*Problem to work on*: With the pictures left out, retype exactly the lines below starting at the line that contains "Analyse minérale de" and ending at the line that contains "A man riding".

*Data provided*:

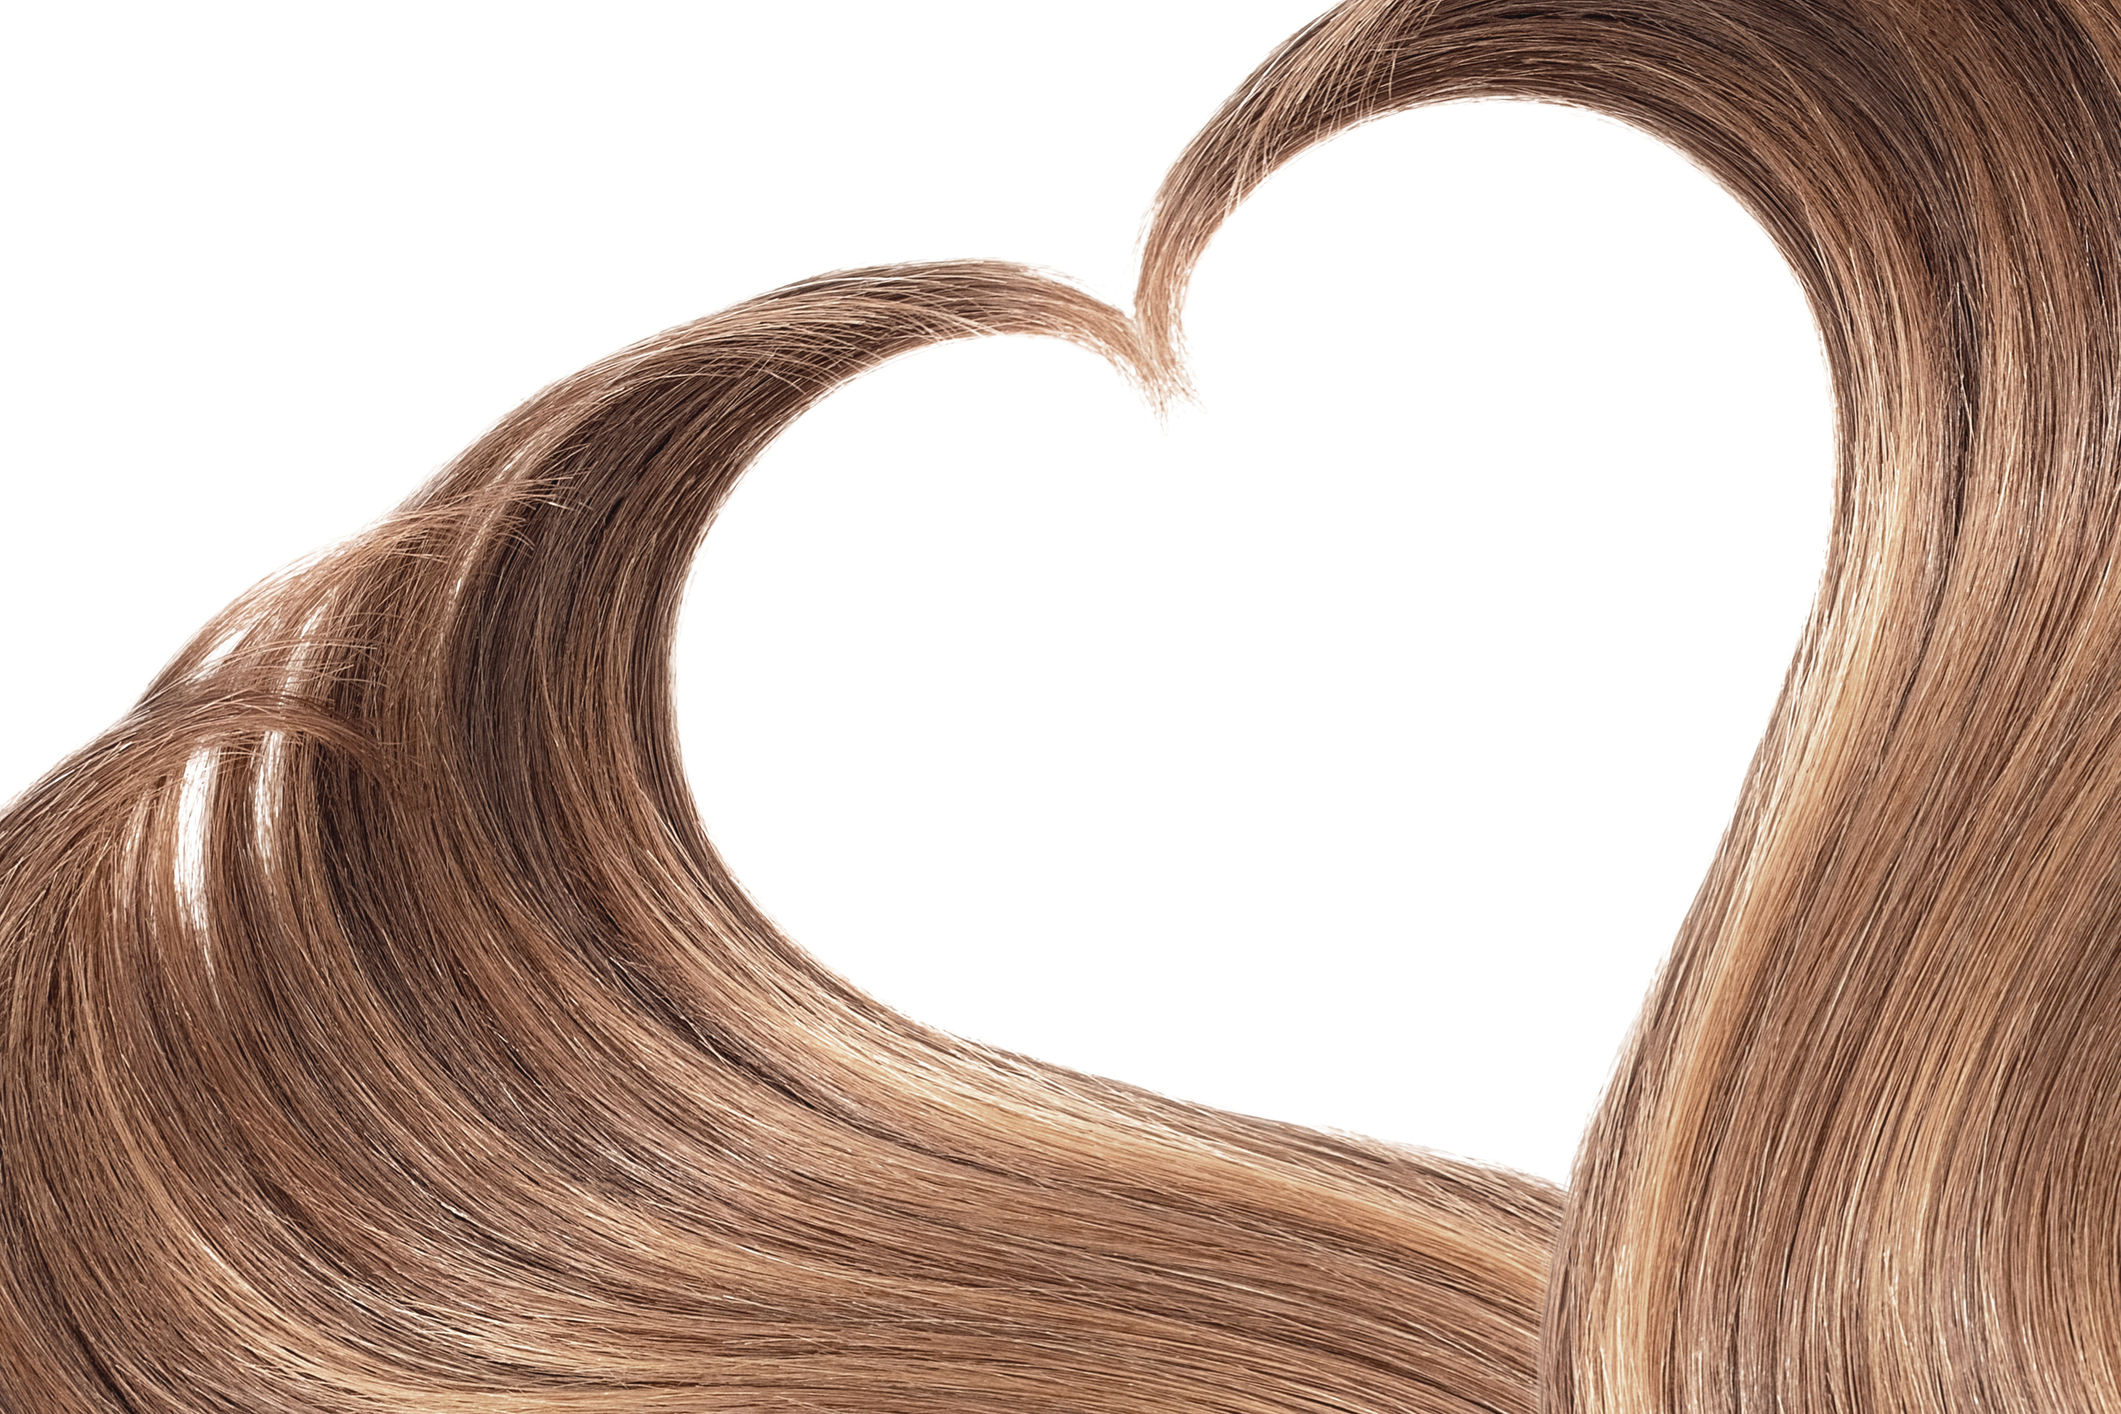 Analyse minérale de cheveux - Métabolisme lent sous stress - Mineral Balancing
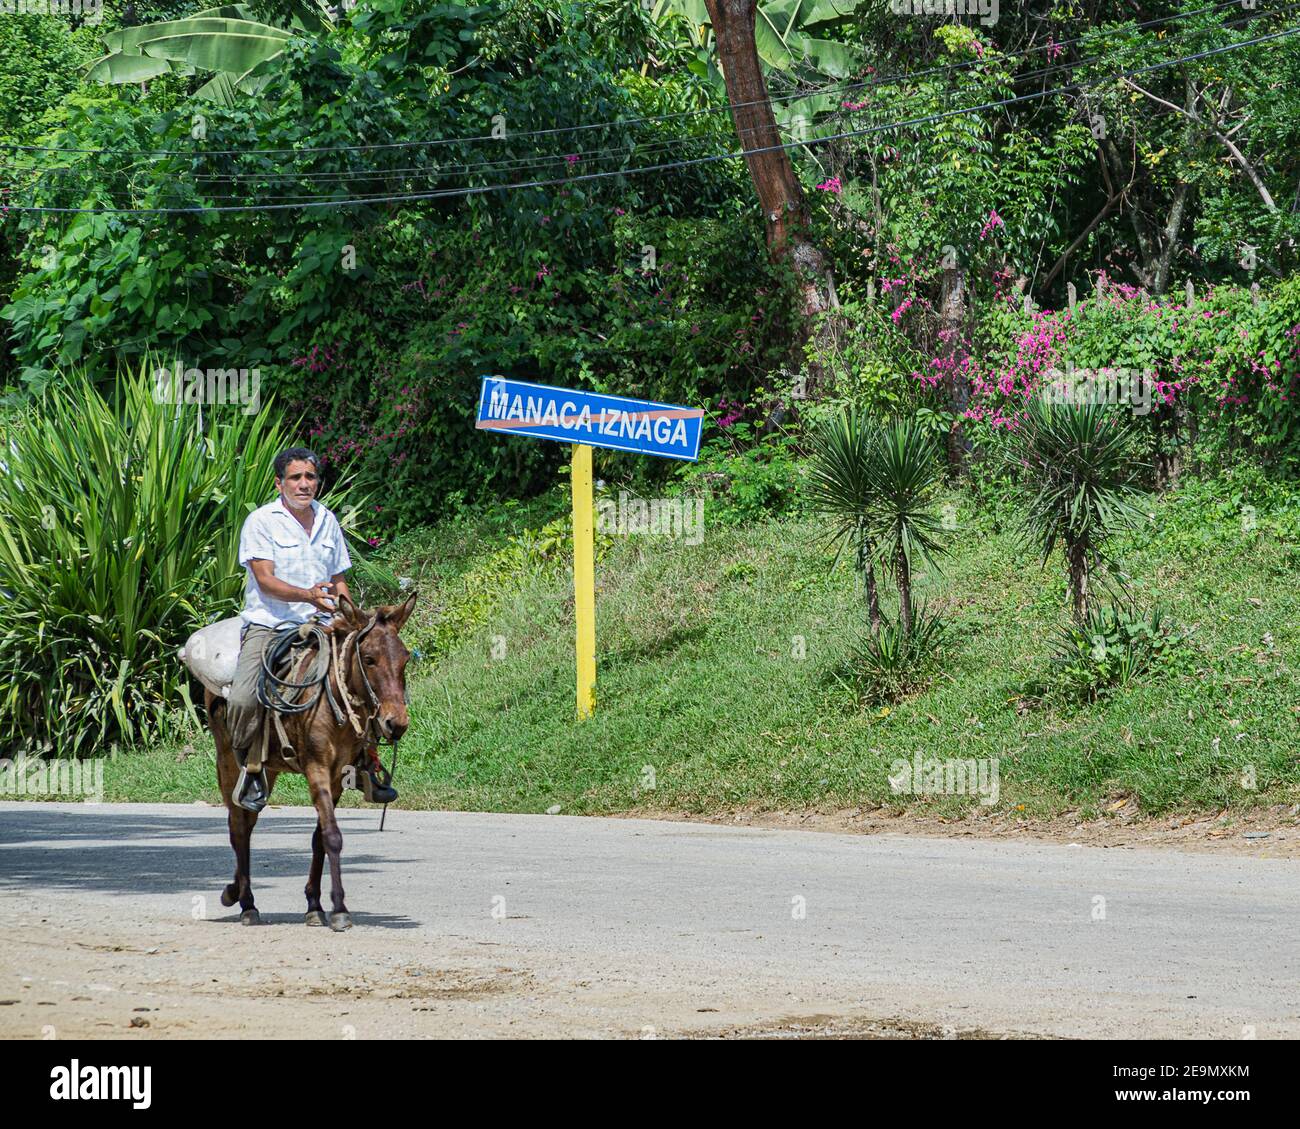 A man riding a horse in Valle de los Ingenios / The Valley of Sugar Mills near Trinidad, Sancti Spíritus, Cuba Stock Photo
* * *
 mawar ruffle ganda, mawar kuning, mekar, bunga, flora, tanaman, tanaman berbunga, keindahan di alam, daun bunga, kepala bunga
* * *
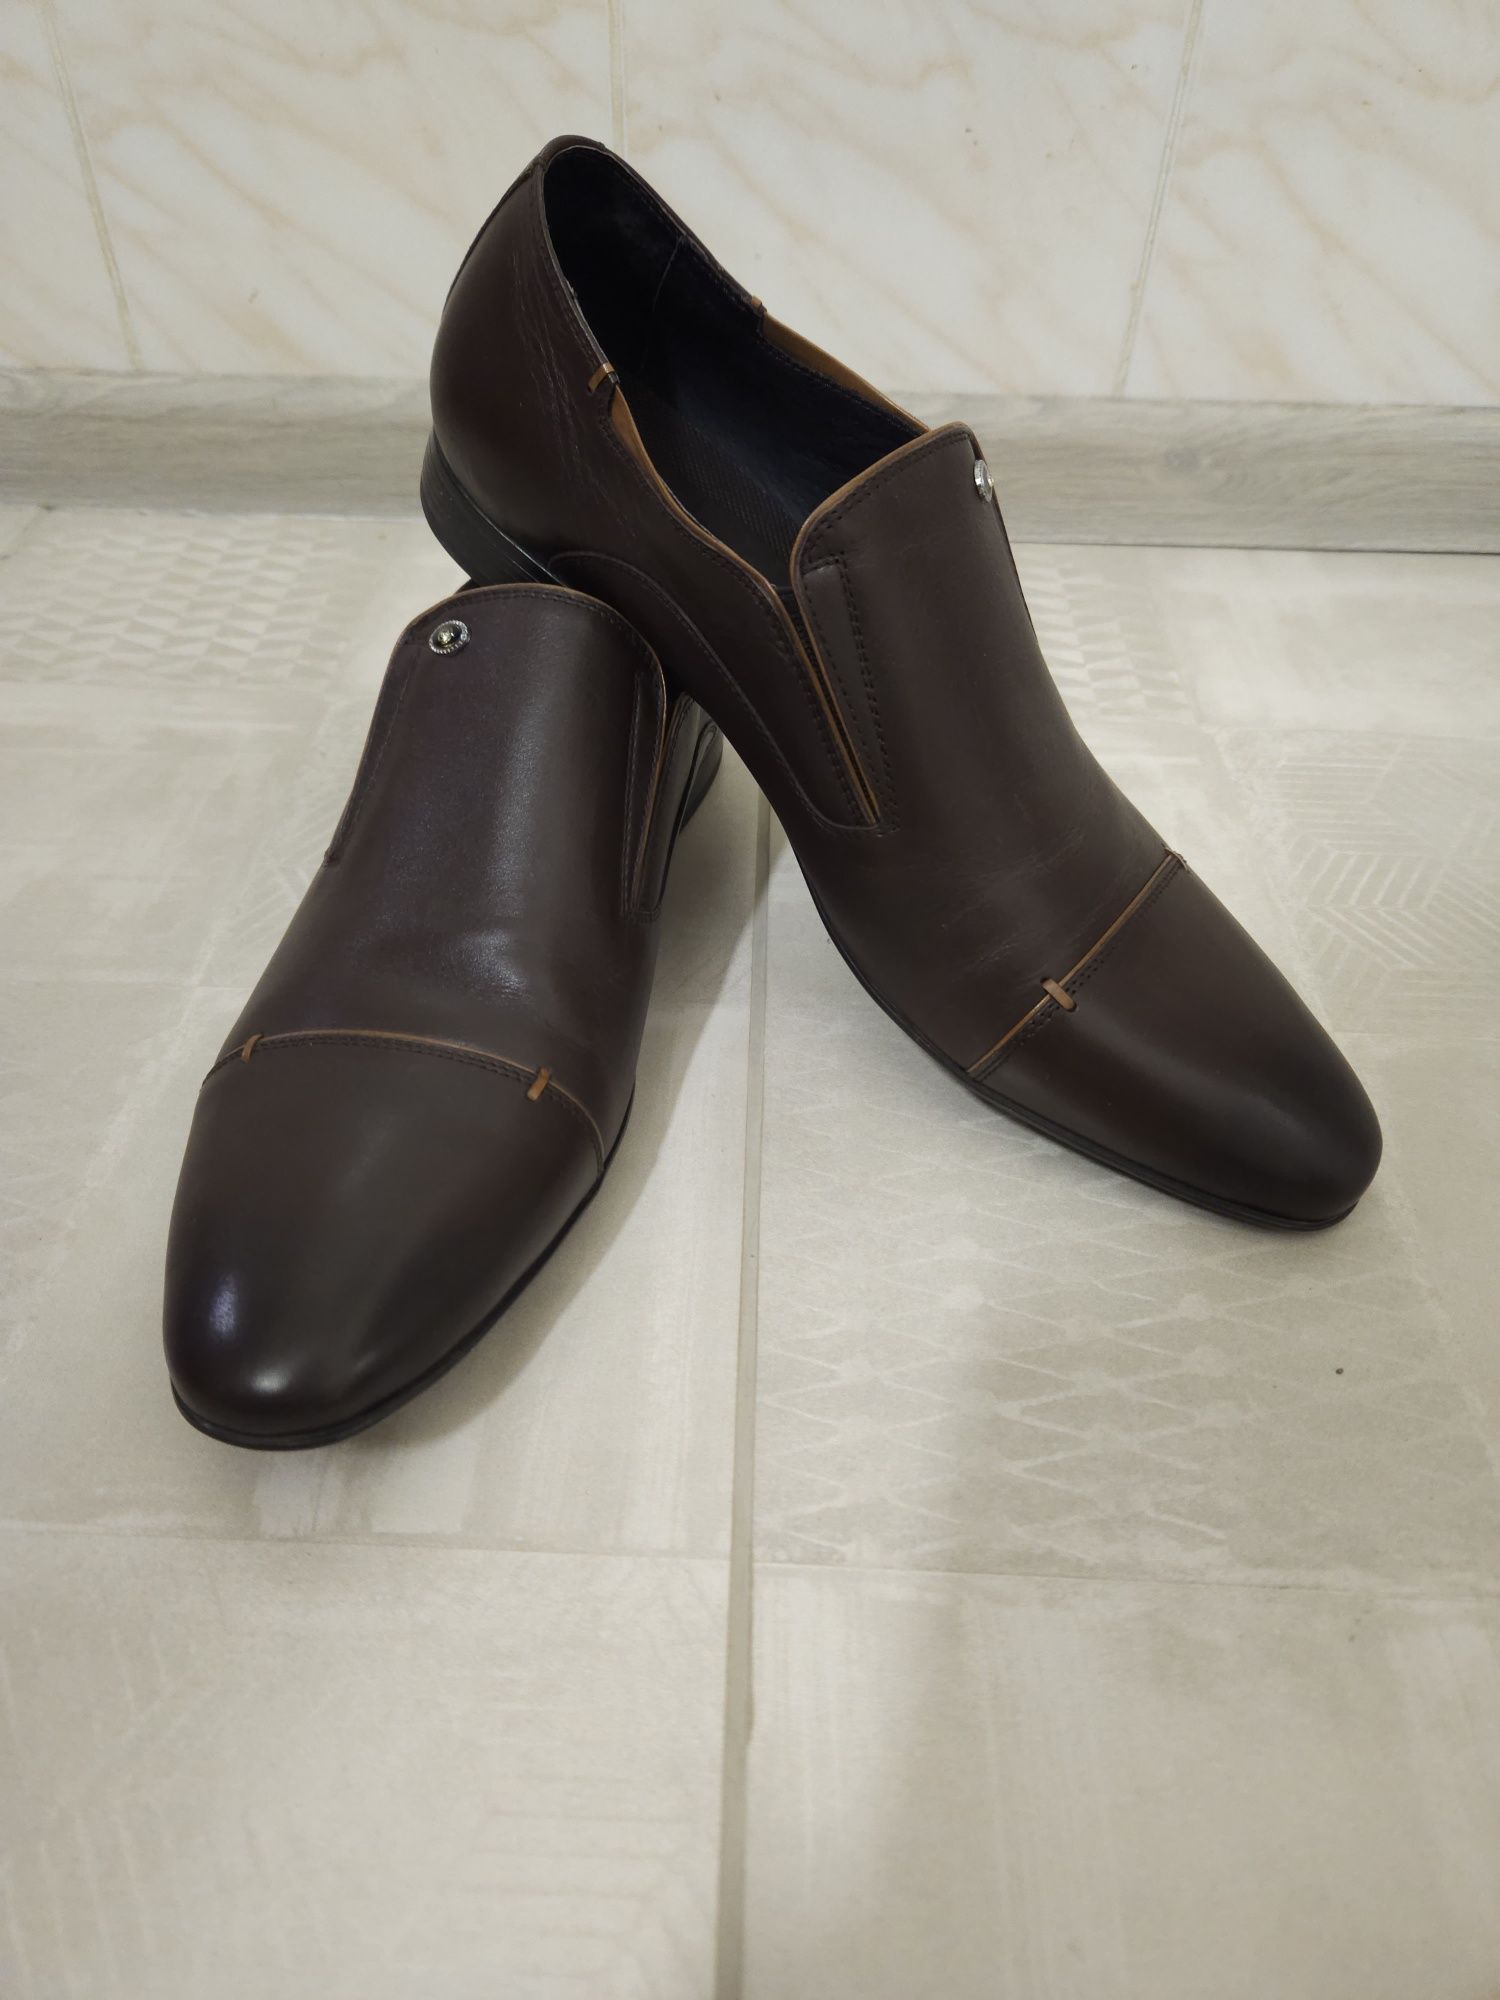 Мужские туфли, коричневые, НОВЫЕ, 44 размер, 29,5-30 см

*Response for this exercise*:
 Analyse minérale de cheveux - Métabolisme lent sous stress - Mineral Balancing
 A man riding a horse in Valle de los Ingenios / The Valley of Sugar Mills near Trinidad, Sancti Spíritus, Cuba Stock Photo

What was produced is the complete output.